The government may need to continue running a deficit for two decades to meet its spending commitments, Nabiullina said. The shortfall may average between 2 percent and 3 percent of GDP a year to 2030 to fund infrastructure, pension and health-care reforms, lifting the level of state debt above 30 percent after 2025, according to the ministry’s explanatory note submitted to the government Feb. 10.

“This debt is safe from the point of view of not putting pressure on private investments,” Nabiullina said. “Of course, the smaller the debt, the better.”

The Economy Ministry has two scenarios for Russia’s economic development through 2030, one based on “inertia” and the other on innovation, which proposes earmarking extra funds for education and research, Nabiullina said. Both forecasts are based on Urals crude, Russia’s chief export blend, rising by about 1 percent annually in real terms to $101 per barrel in 2020 and $140 per barrel in 2030.

Budget Deficit

The Finance Ministry is trying to narrow the budget shortfall from a 2010 gap of 3.9 percent. Urals crude averaged $94.4 per barrel in 2008 before plummeting to $61.1 the following year, helping swing the budget from a 4.1 percent surplus to a 5.9 percent gap, Kudrin said last week in Krasnoyarsk, Russia.

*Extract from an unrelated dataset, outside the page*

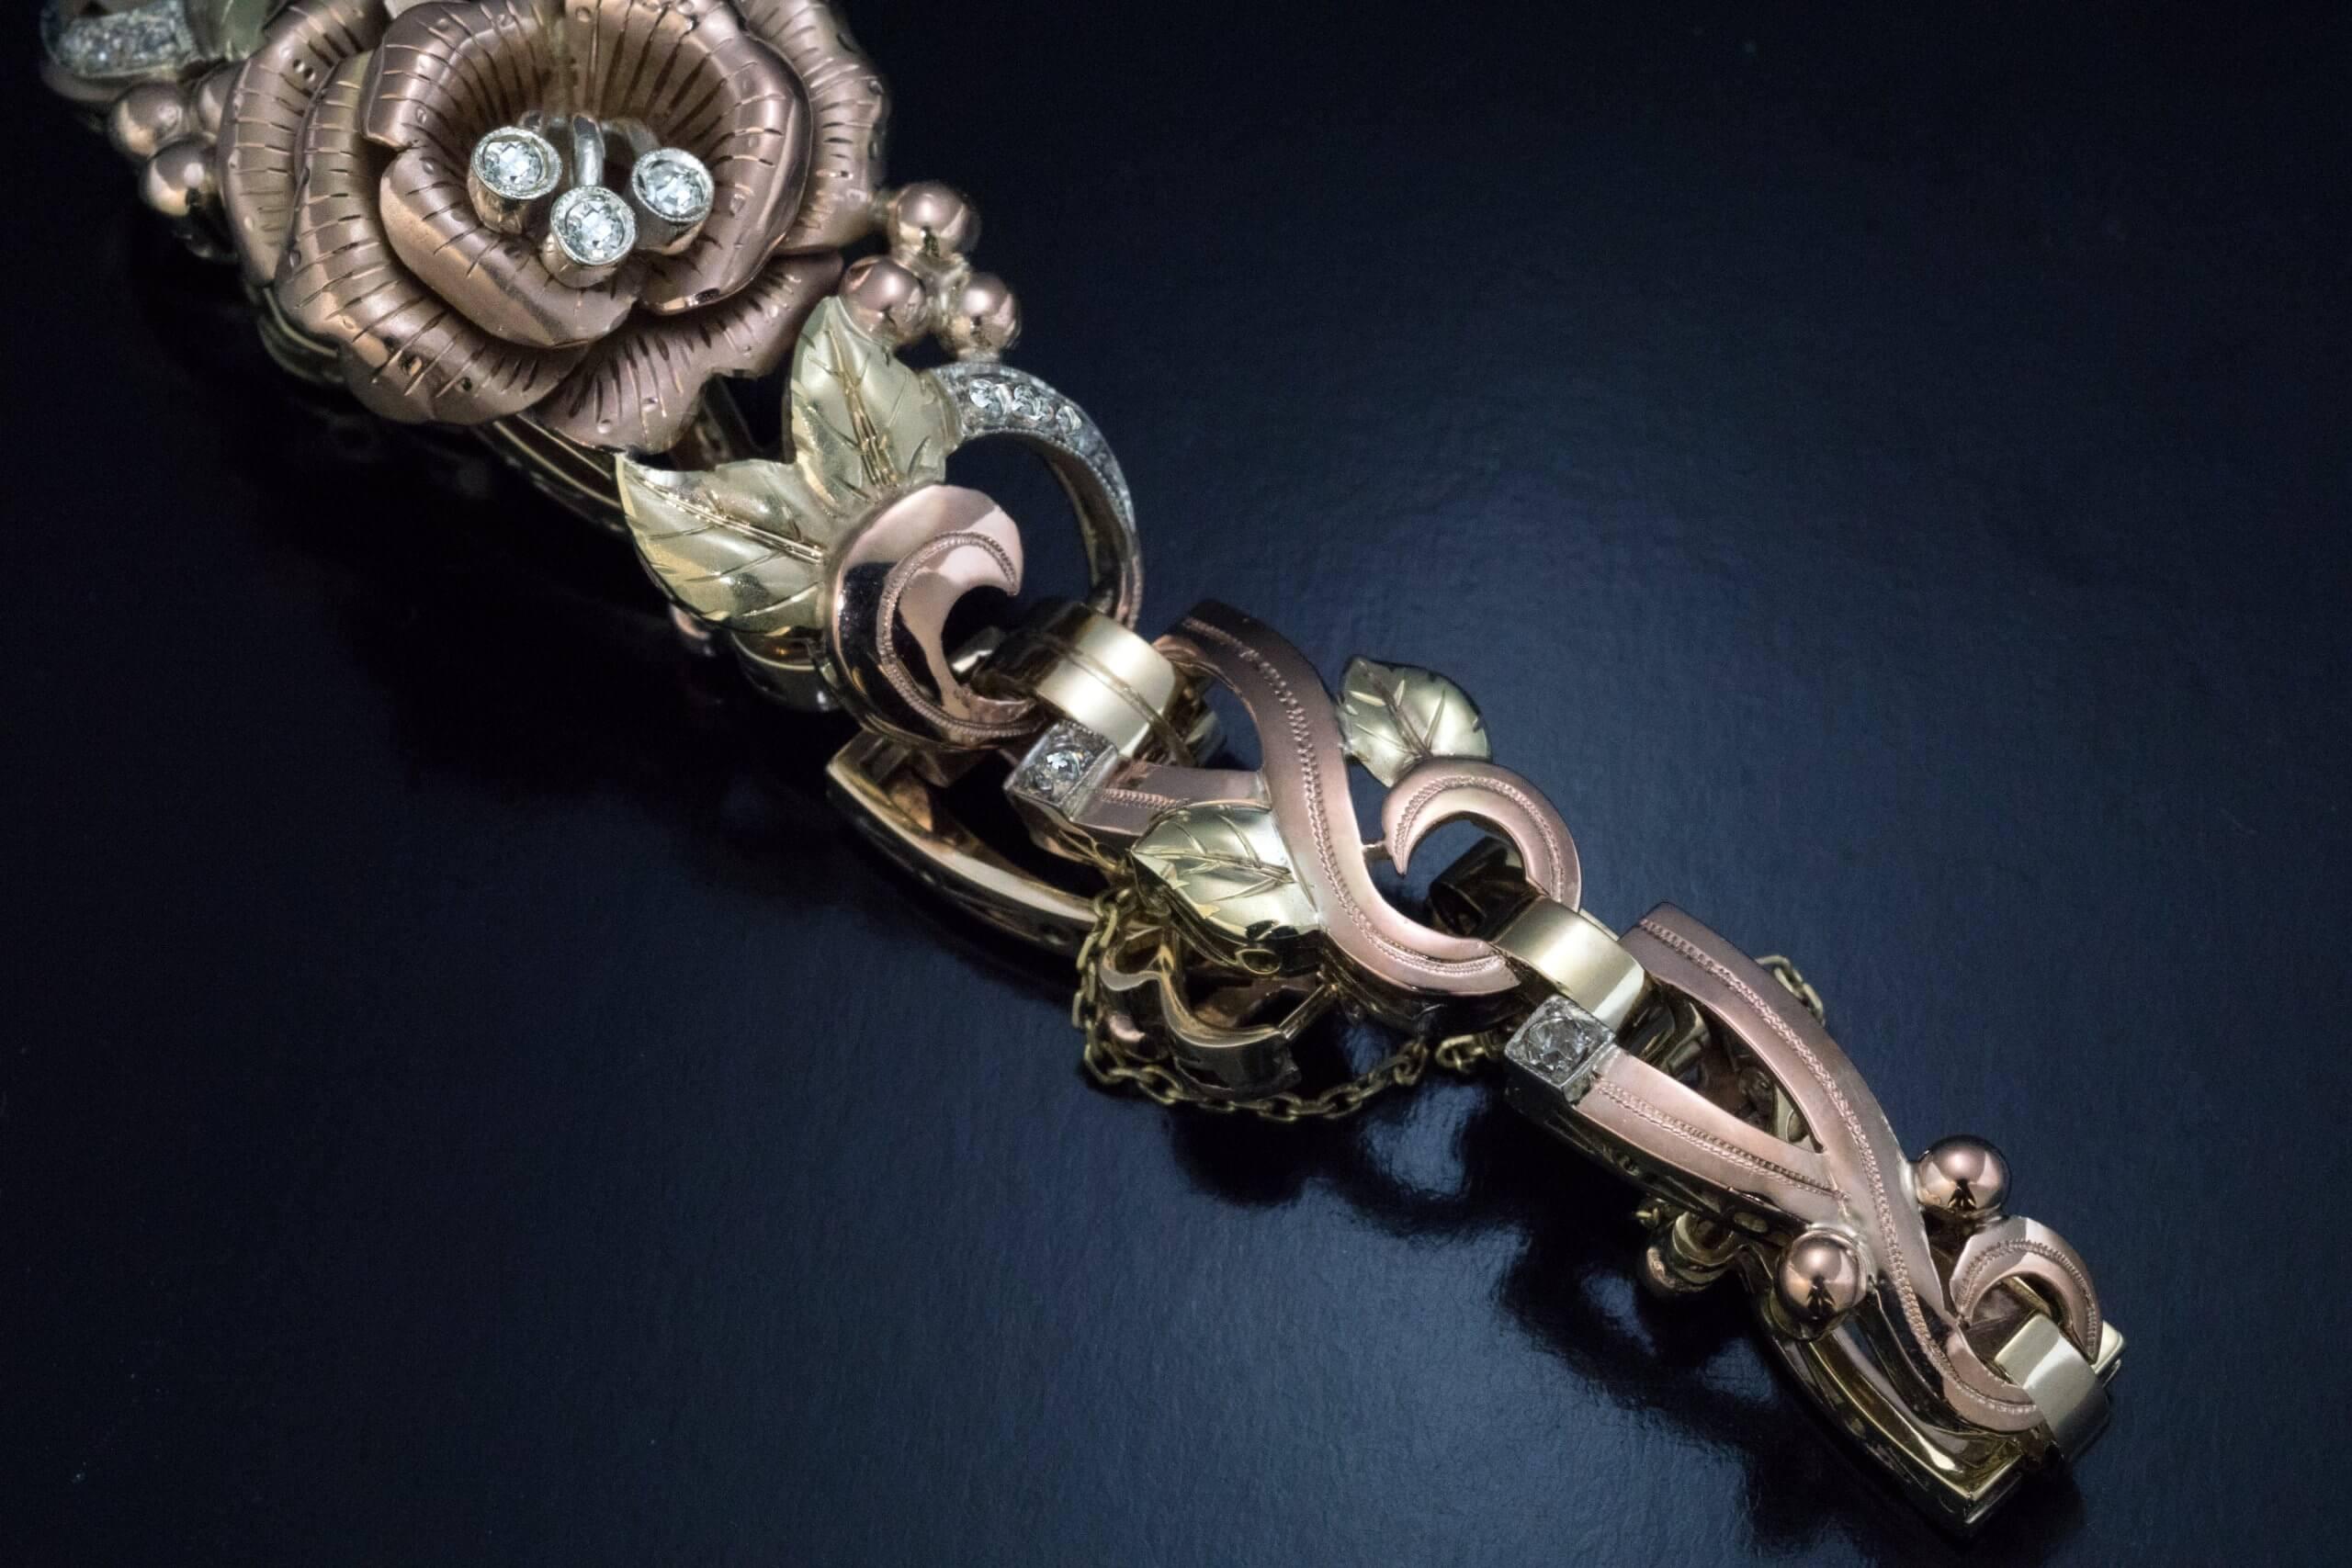 This ornate Art Deco era floral motif bracelet was made in Romania in the late 1920s – early 1930s.  The bracelet is finely crafted in rose, green, and white 14K gold and accented with small old cut diamonds.  Marked on clasp with wolf’s head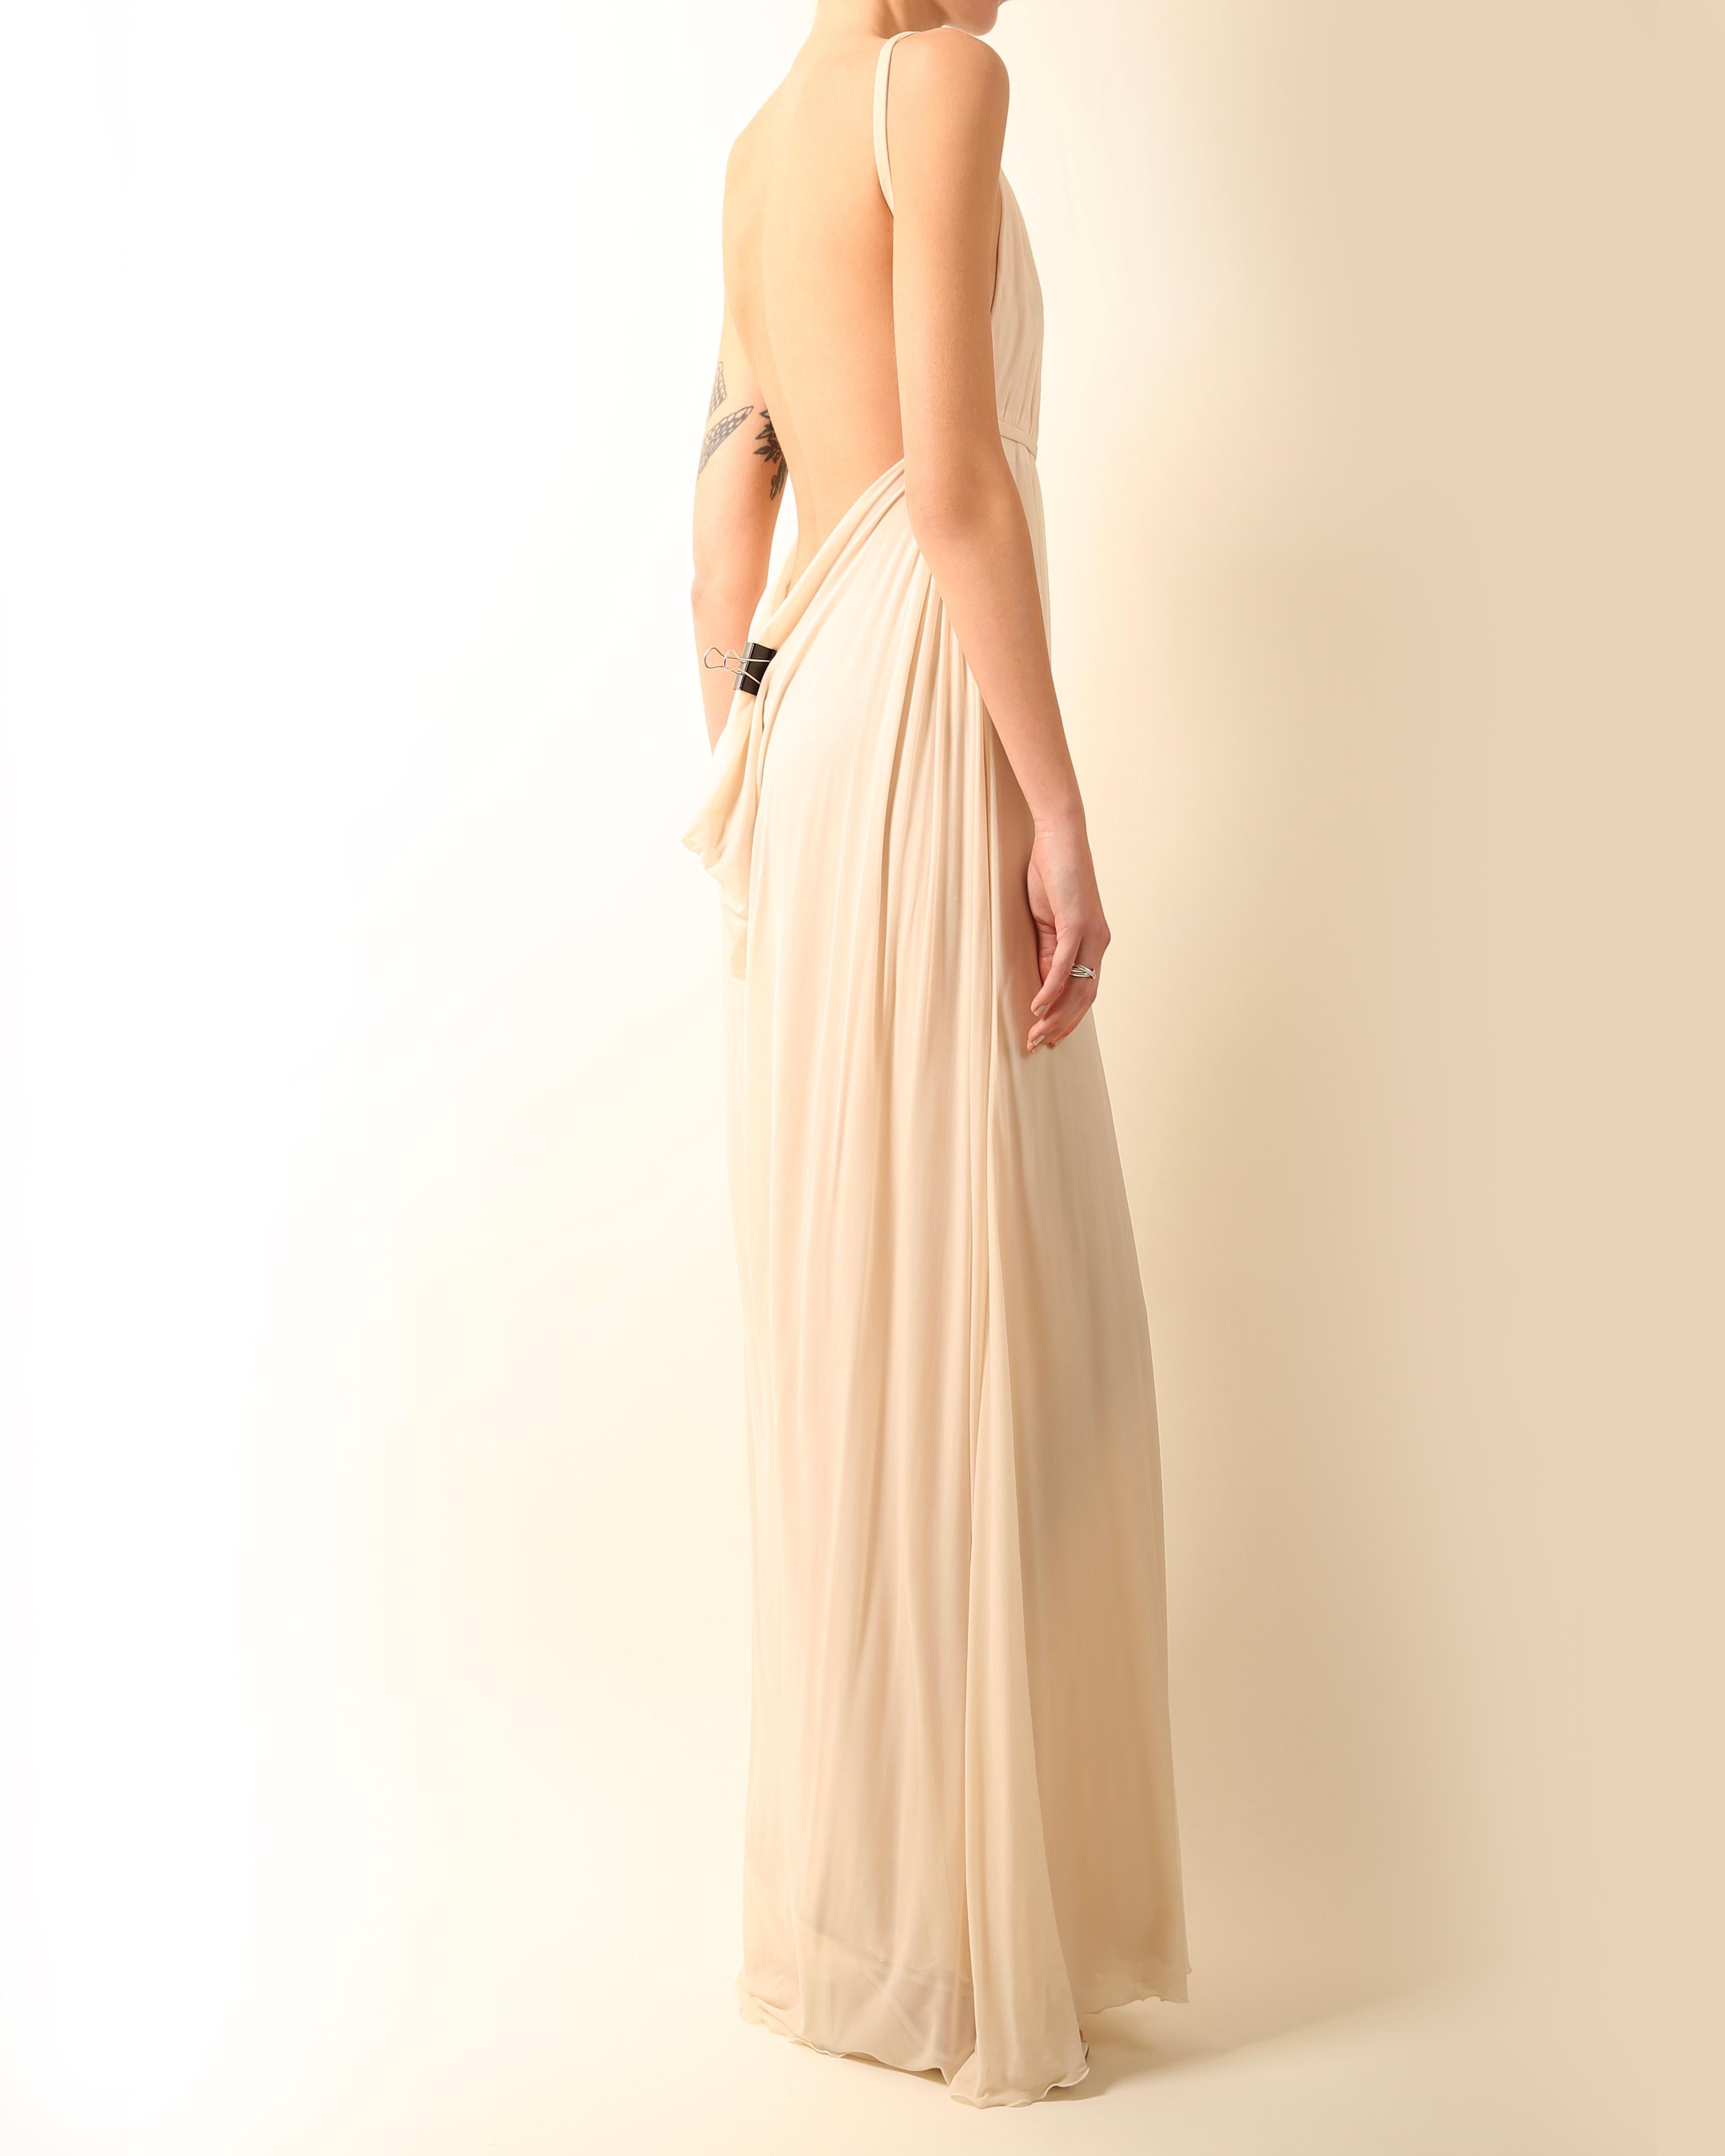 Halston 09 ivory cream plisse grecian style backless wedding maxi dress gown 42 For Sale 3

“When people say to me, let’s run a 3 percent deficit when oil costs $90 per barrel, I think that’s a hopeless policy,” Kudrin said. “State debt can’t be more than 30 percent.”

That level would pose dangers for Russia because of the country’s dependence on volatile revenue from oil, according to Kudrin. Increased state borrowing would also choke companies’ ability to raise funds, he said.